Problem to work on: A faithful copy of the data is what is wanted, minus any pictures.

Dataset content:
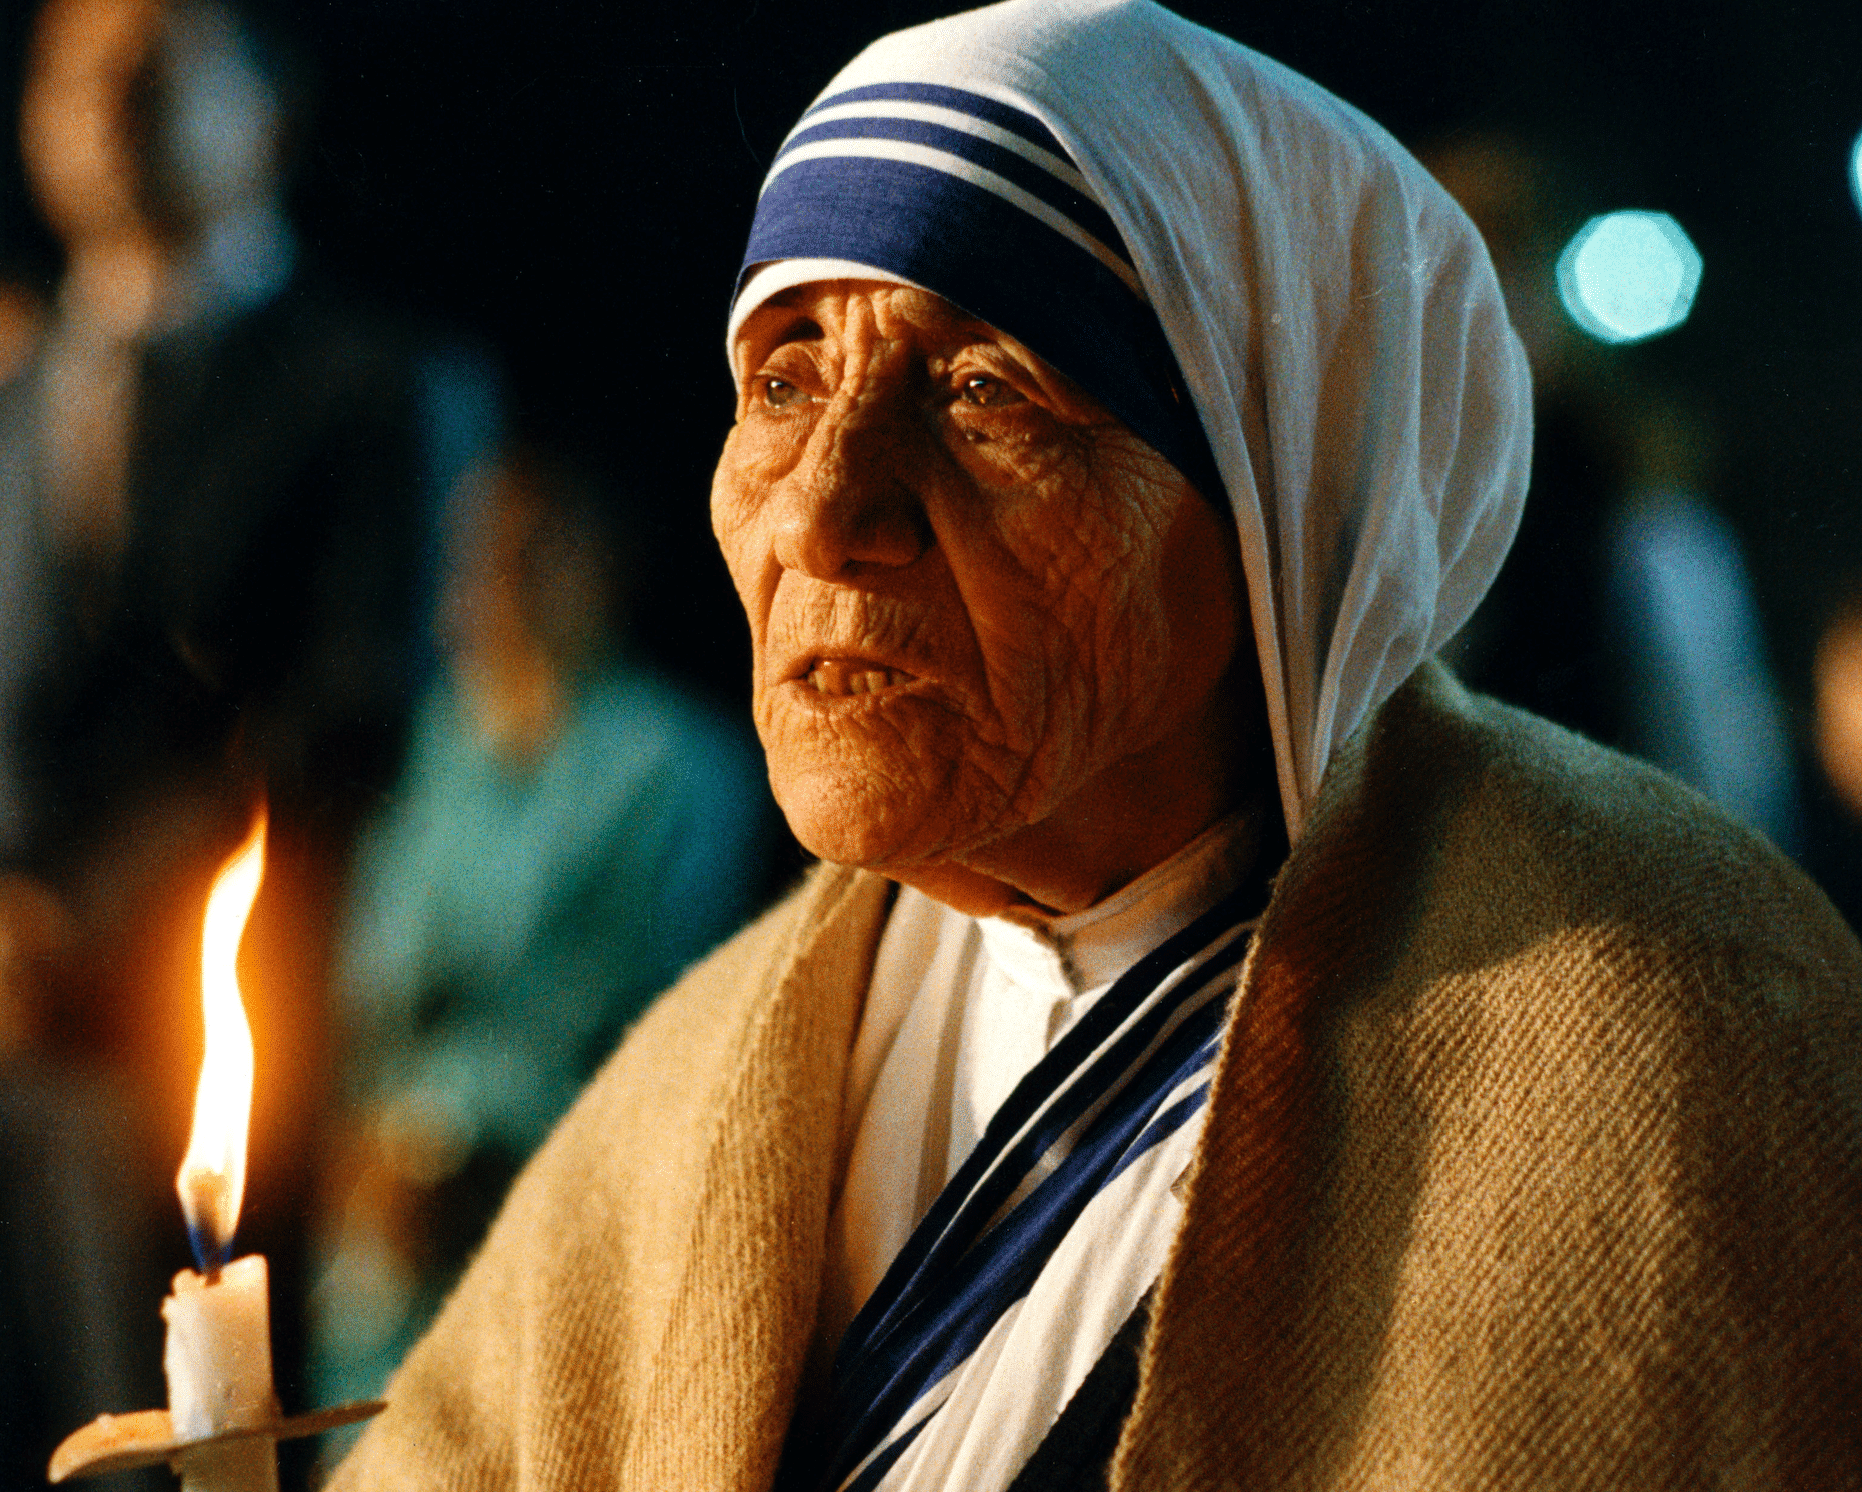 Mother Teresa - Quotes, Death & Saint
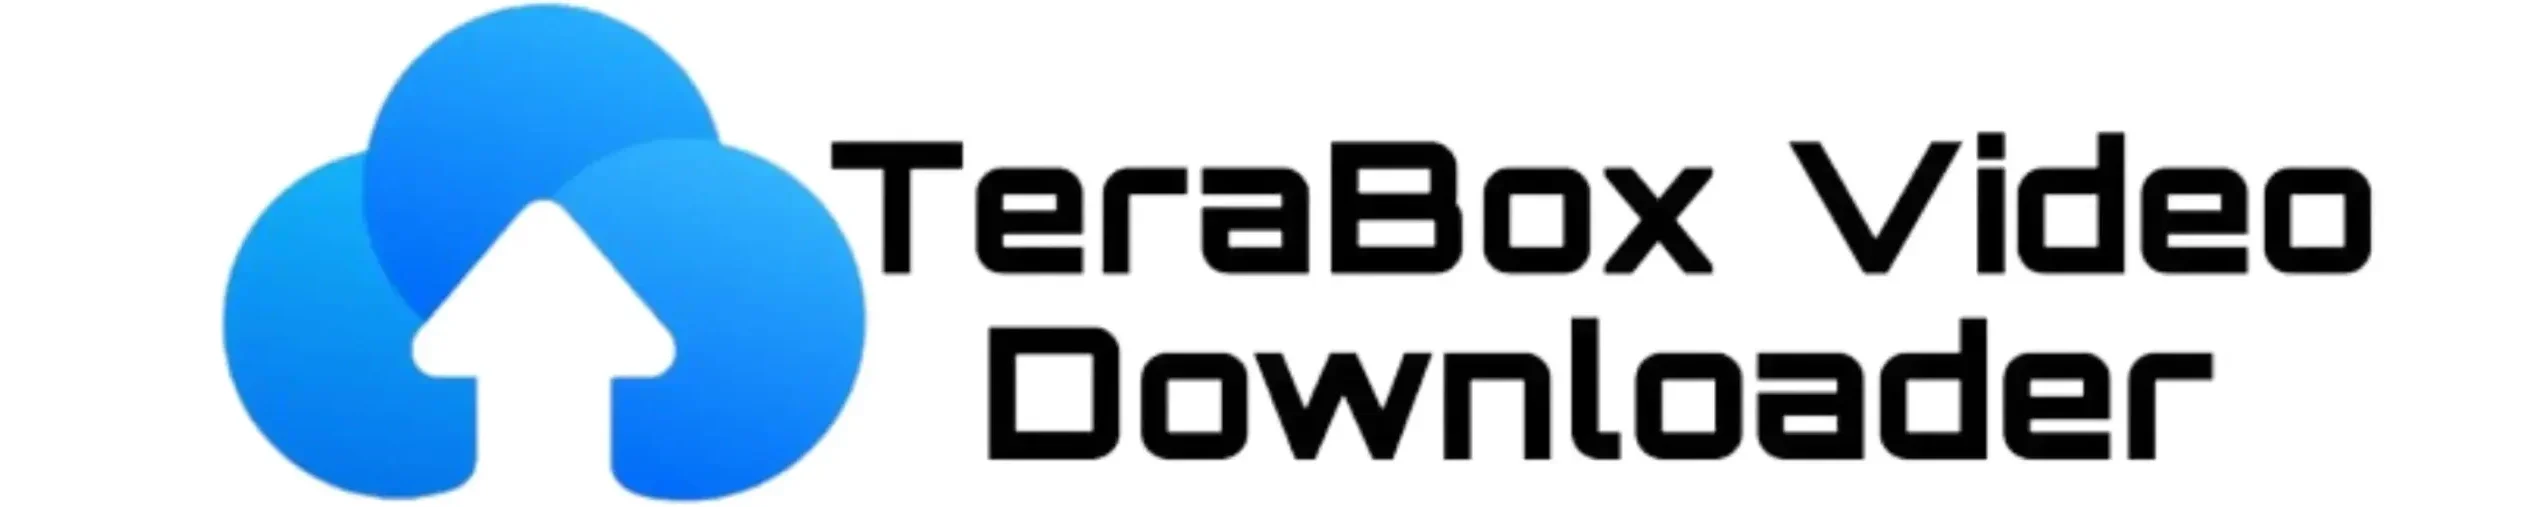 TeraBox Video Downloader
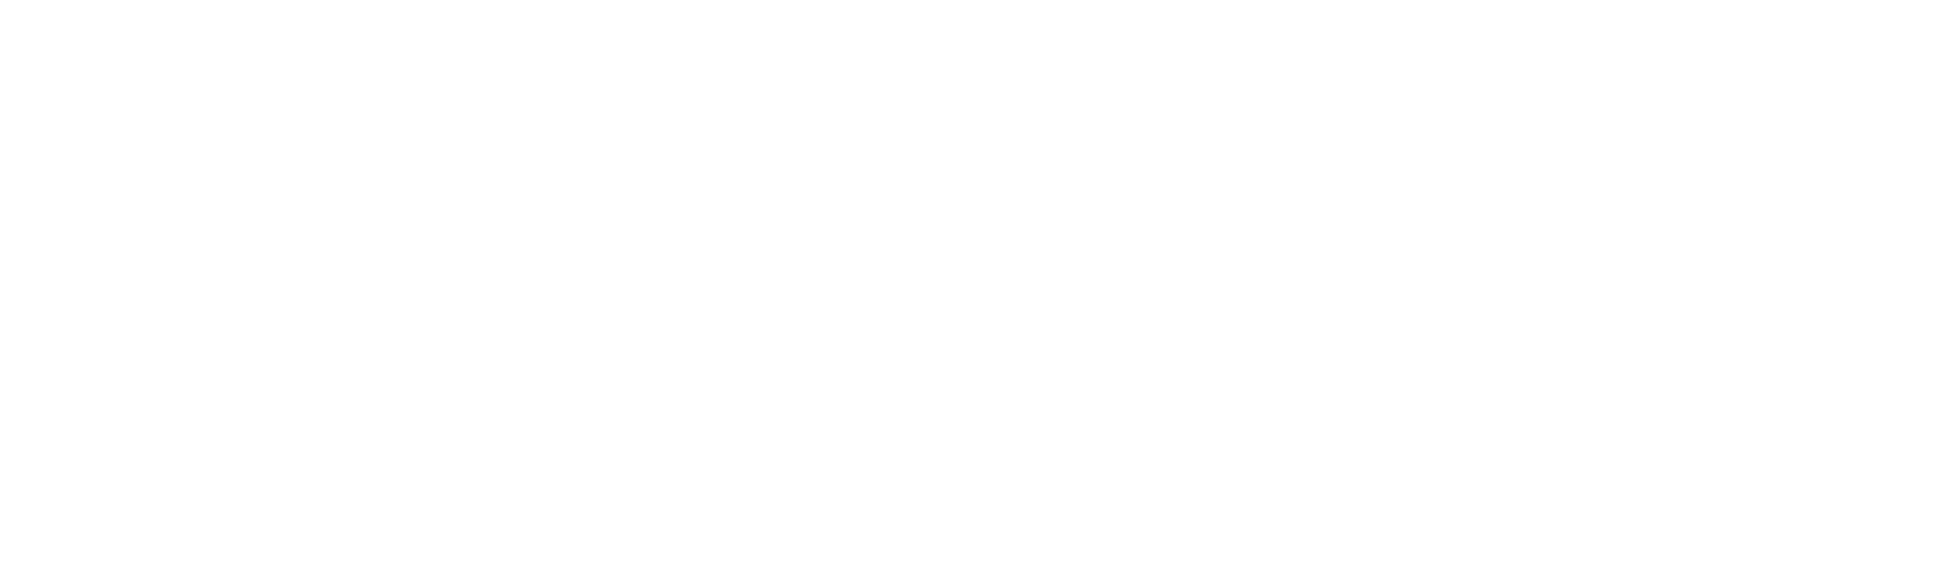 The Lane Logo - The Allen Lane Foundation | Grant-making foundation
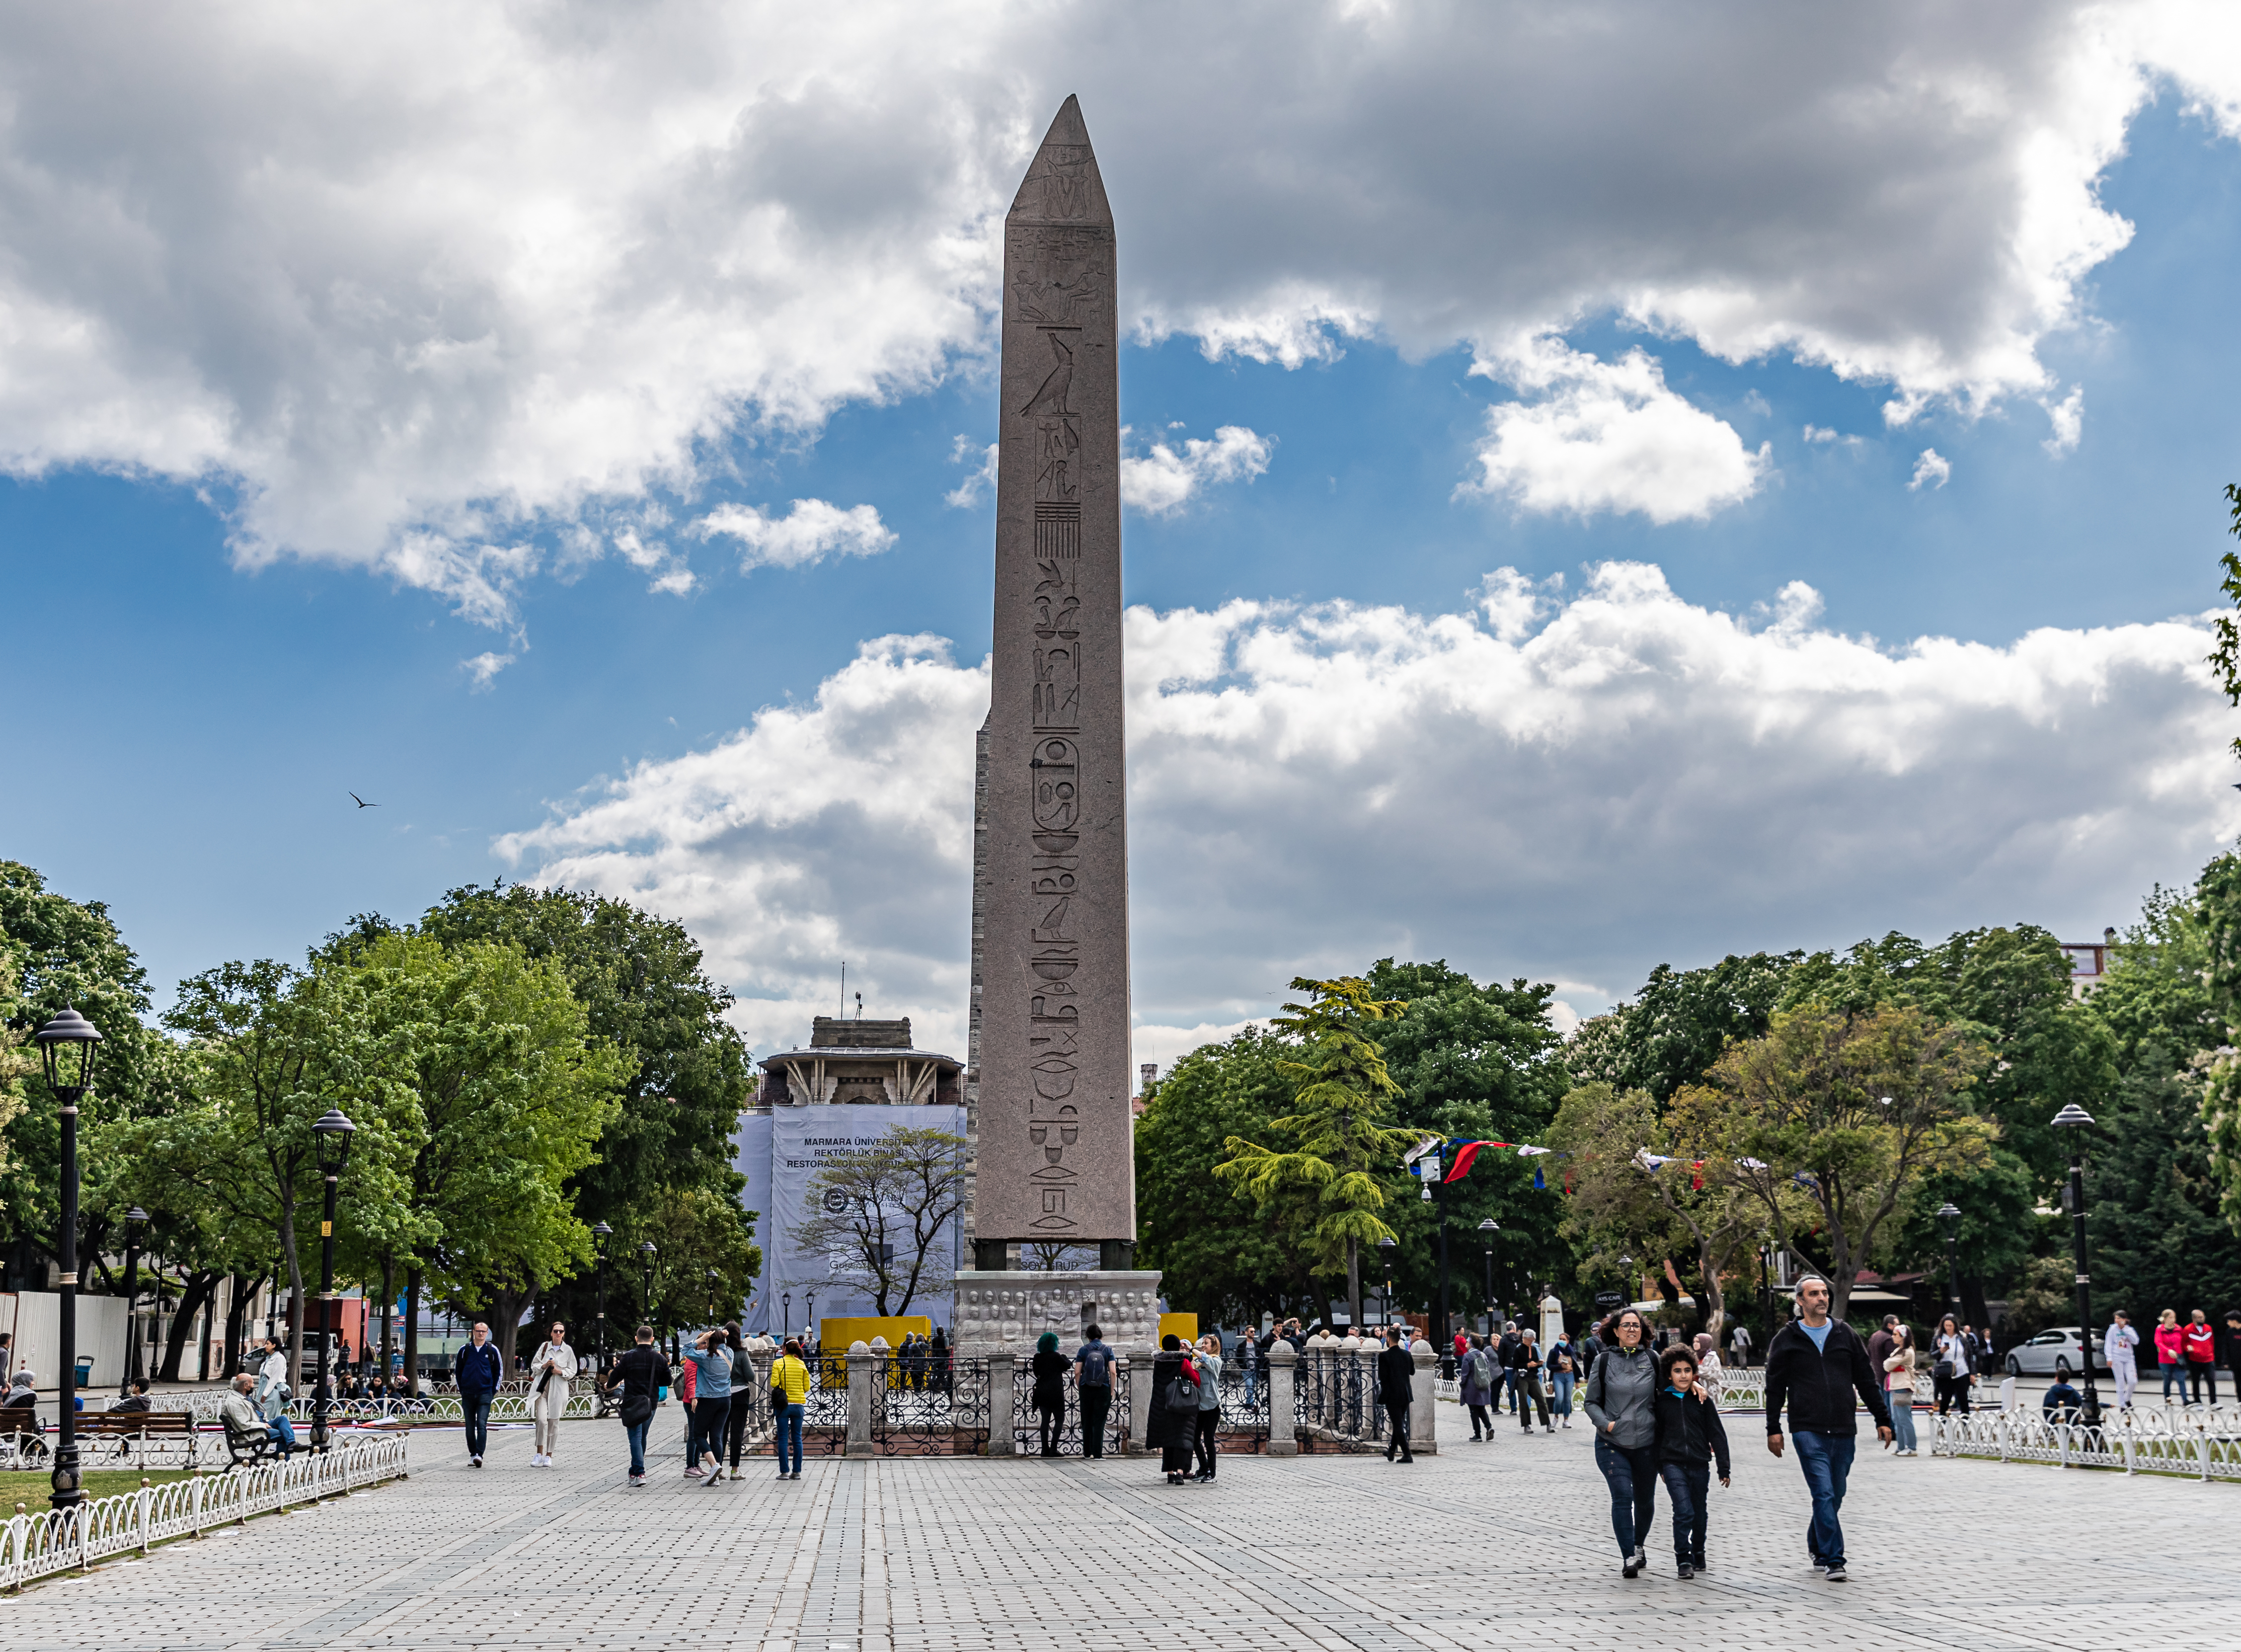 File:Sultanahmet Square, Obelisk of Theodosius, Istanbul (52121868925).jpg  - Wikimedia Commons

Answer space:
 Mother Teresa - Quotes, Death & Saint
 TeraBox Video Downloader
 The Lane Logo - The Allen Lane Foundation | Grant-making foundation
 File:Sultanahmet Square, Obelisk of Theodosius, Istanbul (52121868925).jpg  - Wikimedia Commons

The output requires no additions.